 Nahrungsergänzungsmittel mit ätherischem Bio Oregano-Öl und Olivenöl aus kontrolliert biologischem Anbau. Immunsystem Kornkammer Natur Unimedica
════════════════
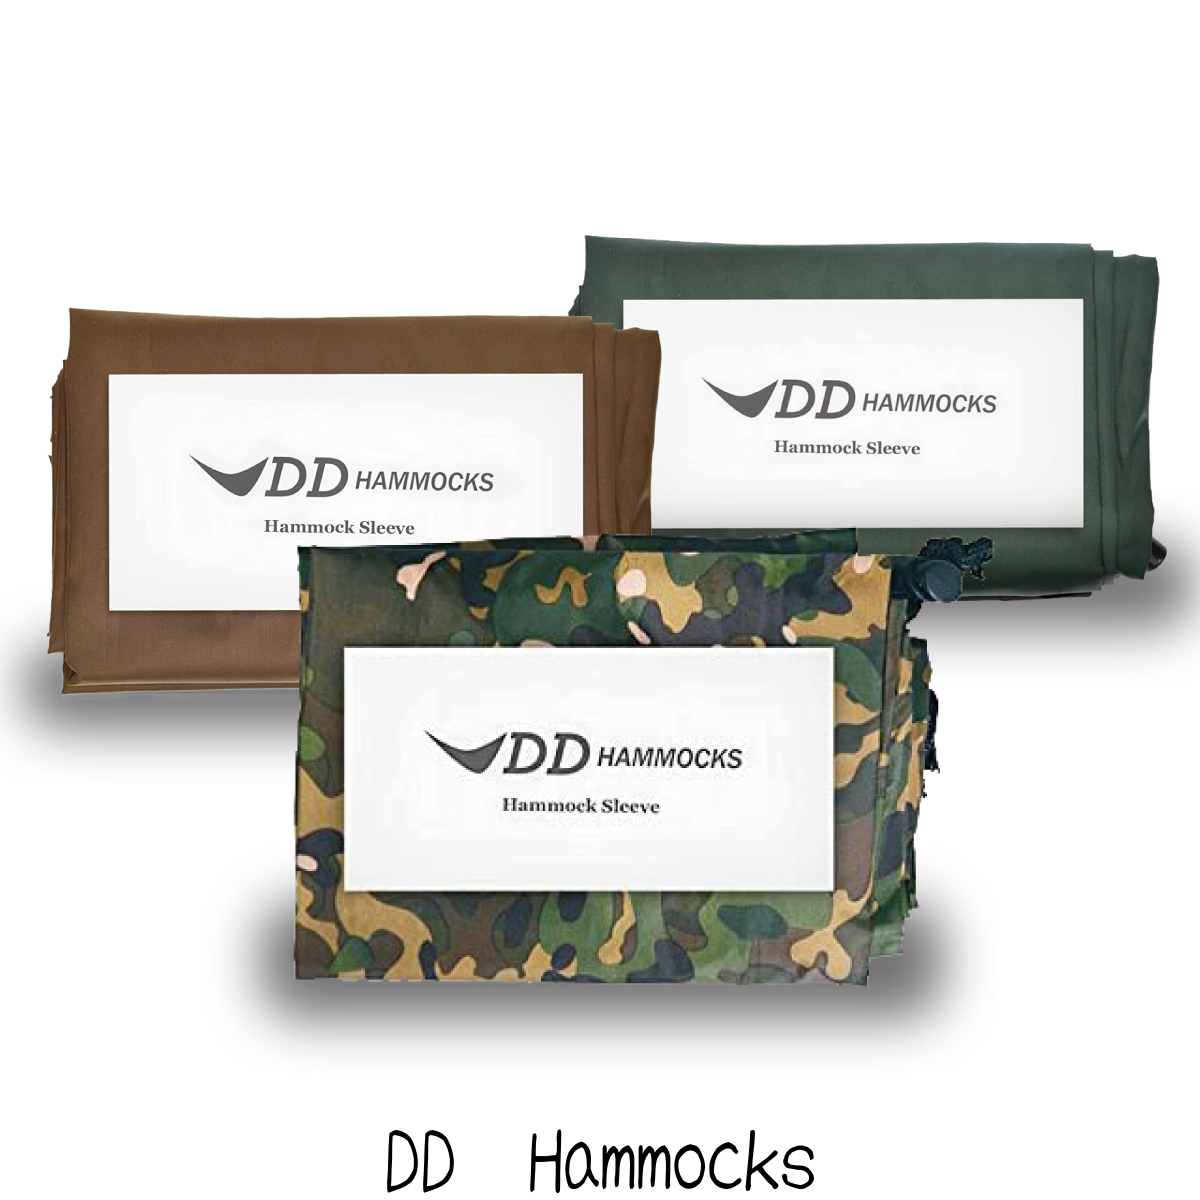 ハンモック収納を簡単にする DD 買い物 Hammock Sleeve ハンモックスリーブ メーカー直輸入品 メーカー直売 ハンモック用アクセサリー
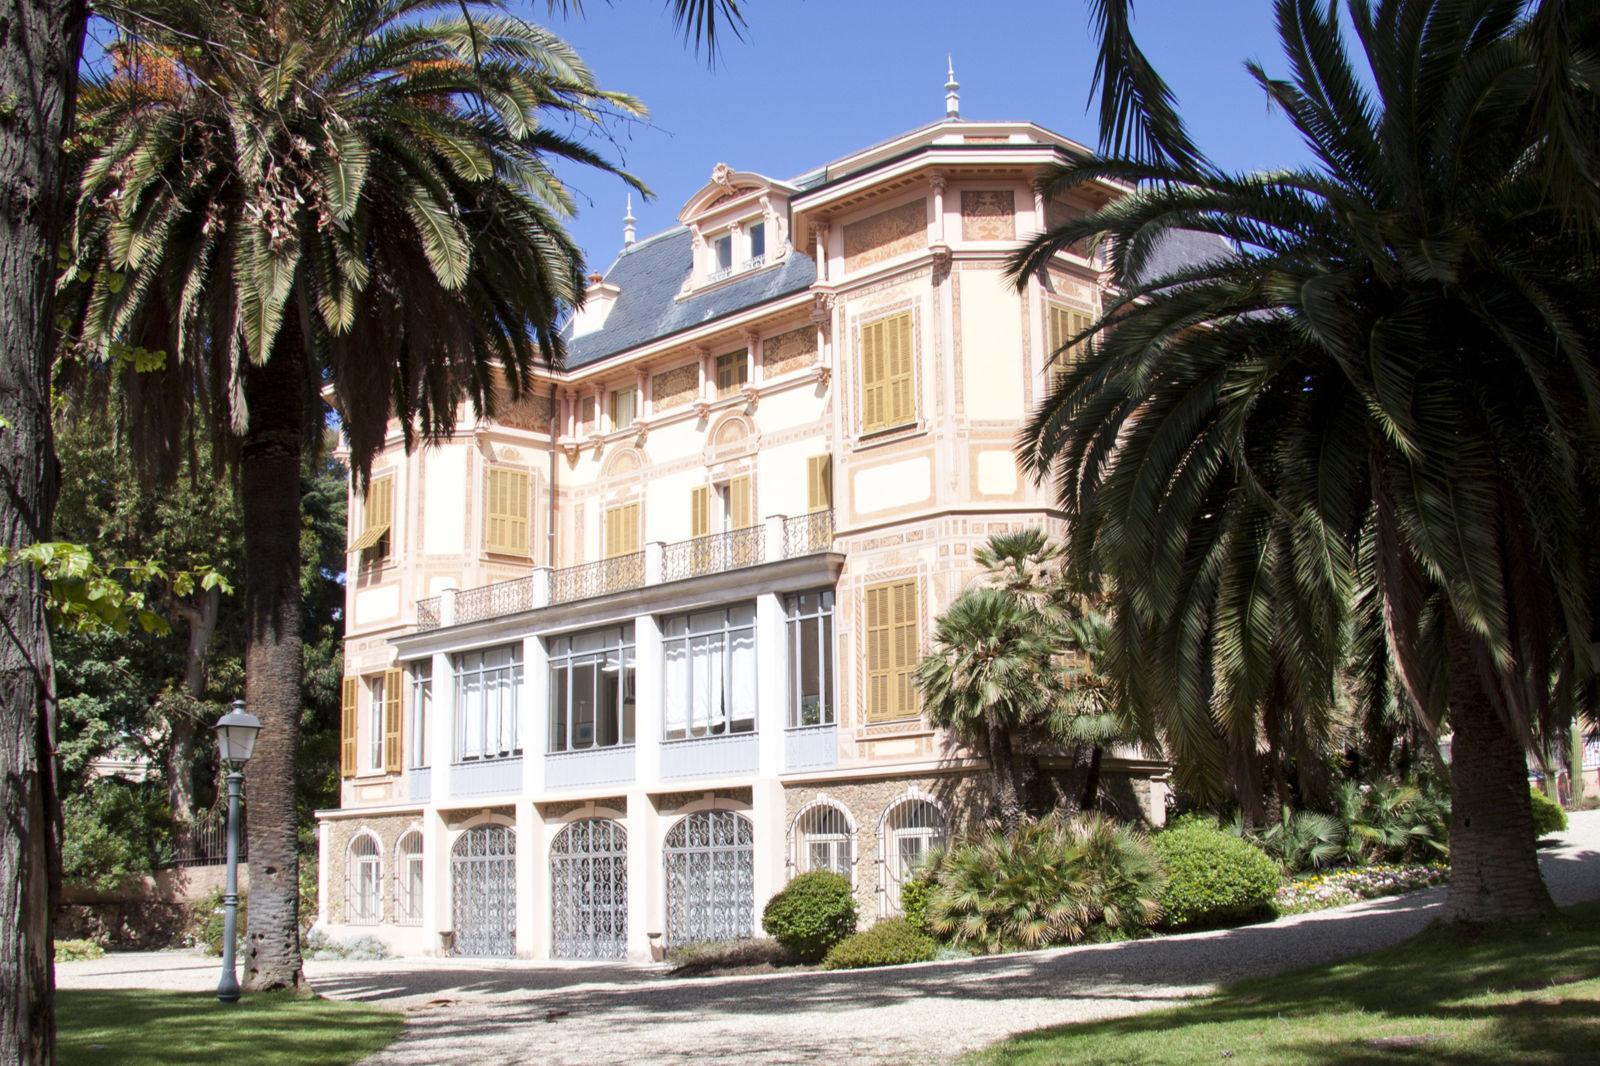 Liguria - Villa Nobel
════════════════
_Problem_.
Please repeat the lines of the material above exactly, starting with the line that contains "ハンモック収納を簡単にする DD 買い物" and ending with the line that contains "Liguria - Villa Nobel". Leave the pictures out.

_Task result_.
 ハンモック収納を簡単にする DD 買い物 Hammock Sleeve ハンモックスリーブ メーカー直輸入品 メーカー直売 ハンモック用アクセサリー
 Liguria - Villa Nobel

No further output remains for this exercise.